Priorités municipales à Québec - Trop festives?

Céline Dion et Paul McCartney : l’été 2013 à Québec pourrait bien avoir un air de déjà vu. Celui de 2008. Lorsqu’on réussit une fête, on cherche souvent à la reproduire. Mais le risque de ratage est grand.


Montréal a réussi l’Expo 1967 et, par la suite, a cru qu’il lui fallait miser tout son développement sur les « grands événements » internationaux : Olympiques, Floralies, etc. Avec le passif que l’on sait… Puis le Festival de Jazz s’est imposé comme modèle à imiter. Résultat : peu de villes dans le monde comptent autant d’événements festifs que la métropole québécoise. Est-ce toujours pour le mieux ?

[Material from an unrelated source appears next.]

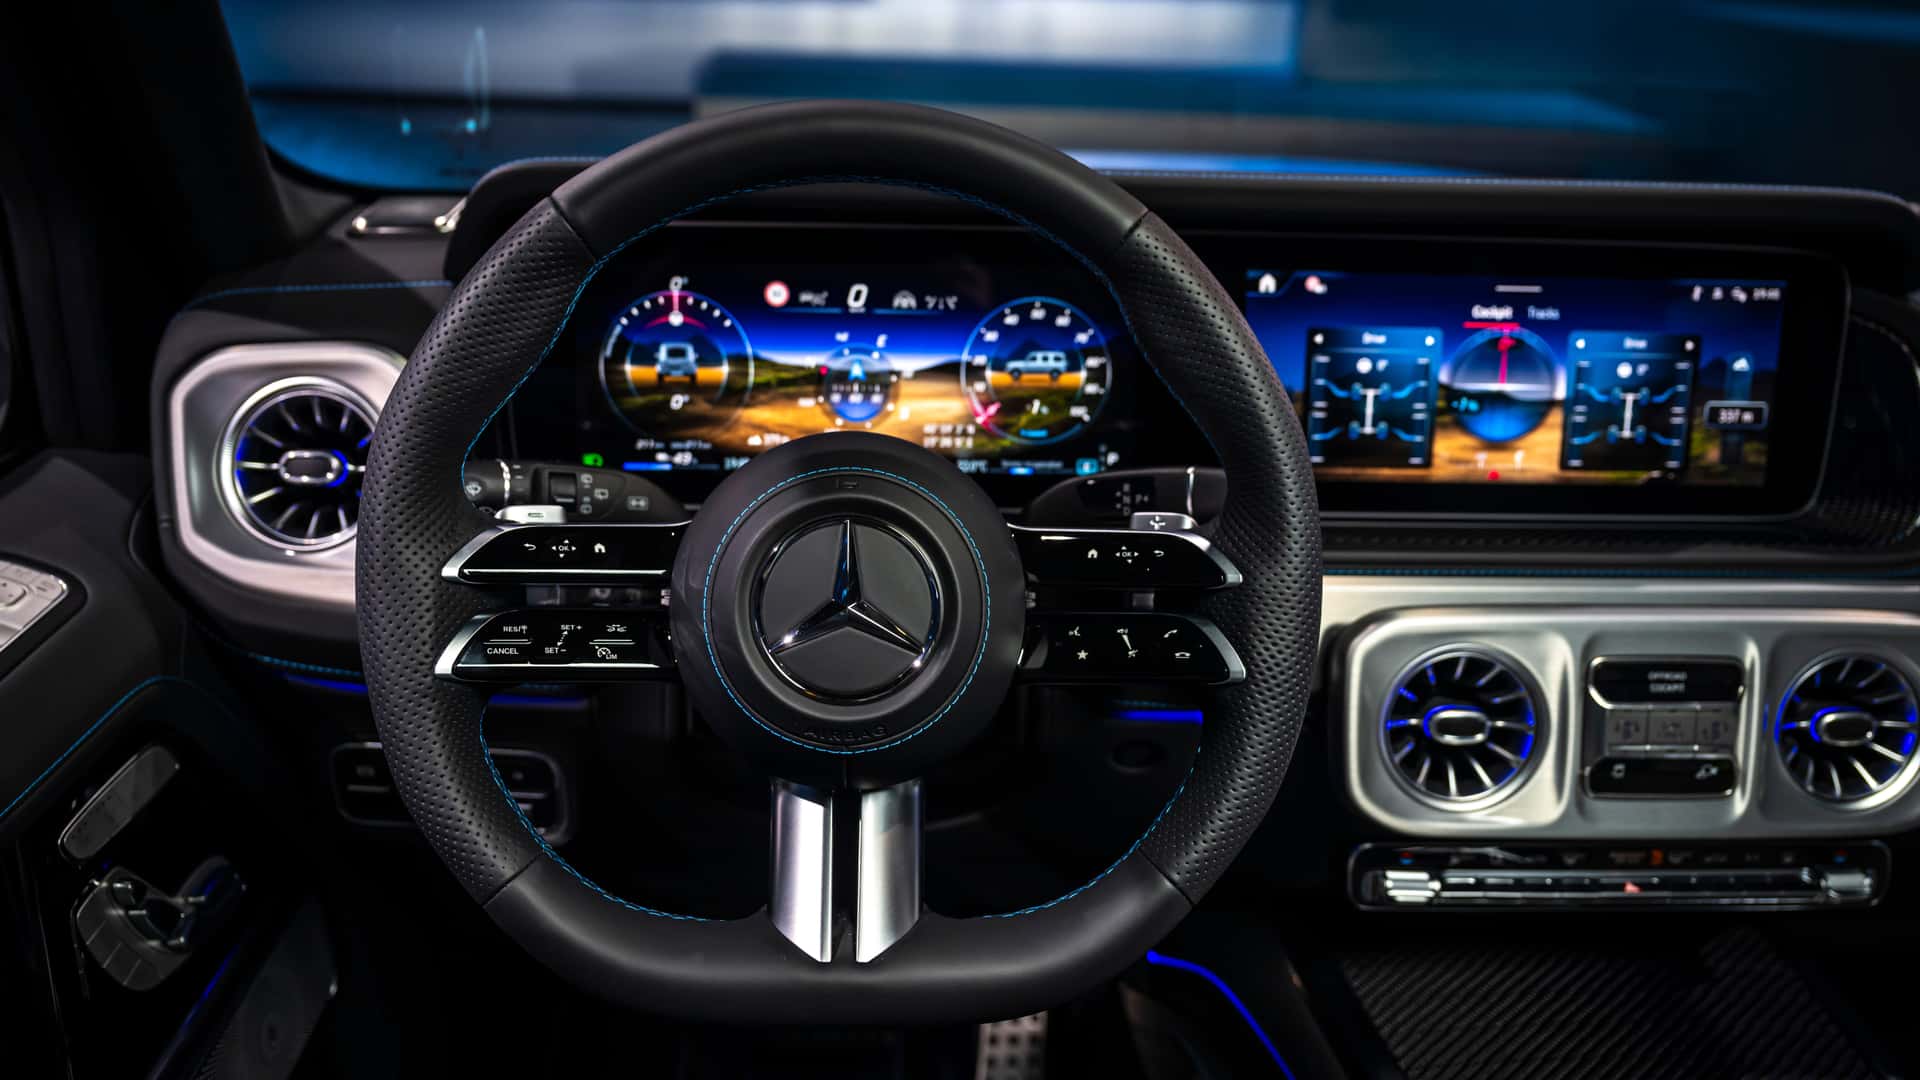 Mercedes-Benz G-Class thuần điện chính thức ra mắt: Thiết kế gần như bê nguyên bản thường, mạnh tới 579 mã lực, nhưng đây mới là con số ấn tượng nhất - ảnh 30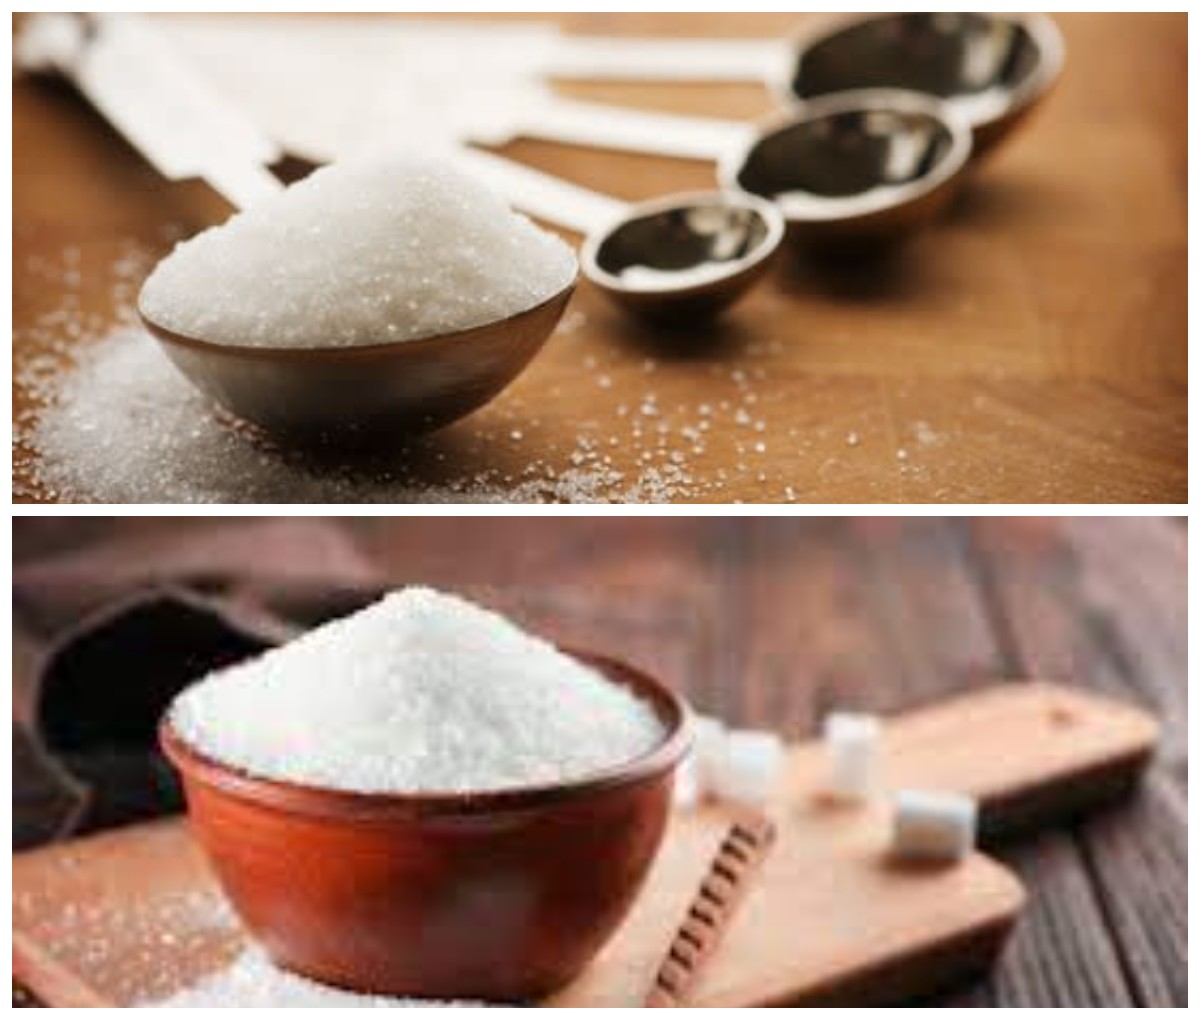 Ingin Hidup Lebih Sehat? Ganti Gula Pasirmu dengan 5 Merk Terbaik Gula Pasir Rendah Kalori Ini

Toute une élite s’est développée autour de cette industrie. Le mot « festivocratie » convient ici dans la mesure où les grands patrons des festivals deviennent souvent des sages que l’on consulte ; voire dont on espère la candidature aux plus hautes fonctions.


Depuis 2008, Québec semble vouloir adopter le modèle festif. Le maire Labeaume - ancien président du Festival d’été - a souhaité que l’élan du 400e se perpétue ; pendant cinq ans, la Ville consacrerait alors des millions en subventions au Cirque du Soleil (pourtant multimilliardaire), et à Robert Lepage et son Moulin à images, projection historique géante sur silos à grains (dont le contenu historique lié à la ville vient malheureusement d’être abandonné).


Le « festivisme » à tous crins, subventionné, a assurément des qualités, dont celle d’animer des parties de la ville. Marchands, restaurateurs et résidants des périphéries adorent. Ceux-ci, toutefois, finissent par imposer leurs priorités, notamment grâce aux études (souvent délirantes) de retombées économiques mirobolantes ; mais aussi grâce à la grande proximité des festivocrates avec le pouvoir.


Or, ce sont des priorités de « cigale ». Comme dans la fable de La Fontaine ! Et l’on en vient à se demander : l’accent mis sur le festif, à Montréal, a-t-il contribué à détourner l’attention de problèmes bien réels - de « fourmis » -, ceux des infrastructures, par exemple ? Des dimensions plus structurantes ont-elles été négligées : patrimoine, universités, recherche, industries de pointe, tourisme de congrès ?


À Québec, la logique de cigale a fait croire qu’il suffisait d’augmenter le nombre d’« événements » en ville et que tout irait pour le mieux. Or, de 2006 à 2011, la population du Vieux-Québec a diminué de 9,3 %. À 4786 habitants, c’est un creux jamais atteint depuis 60 ans. Des institutions d’enseignement l’ont quitté. Le projet de réfection de l’Hôtel-Dieu, hôpital fondé en 1639, vient d’être abandonné. Et les hôteliers de Québec se plaignaient ainsi en février : « La perception est peut-être que les hôtels fonctionnent à plein régime à Québec, mais c’est loin d’être le cas. » Il y a de quoi remettre en question, on en conviendra, nos priorités de cigale.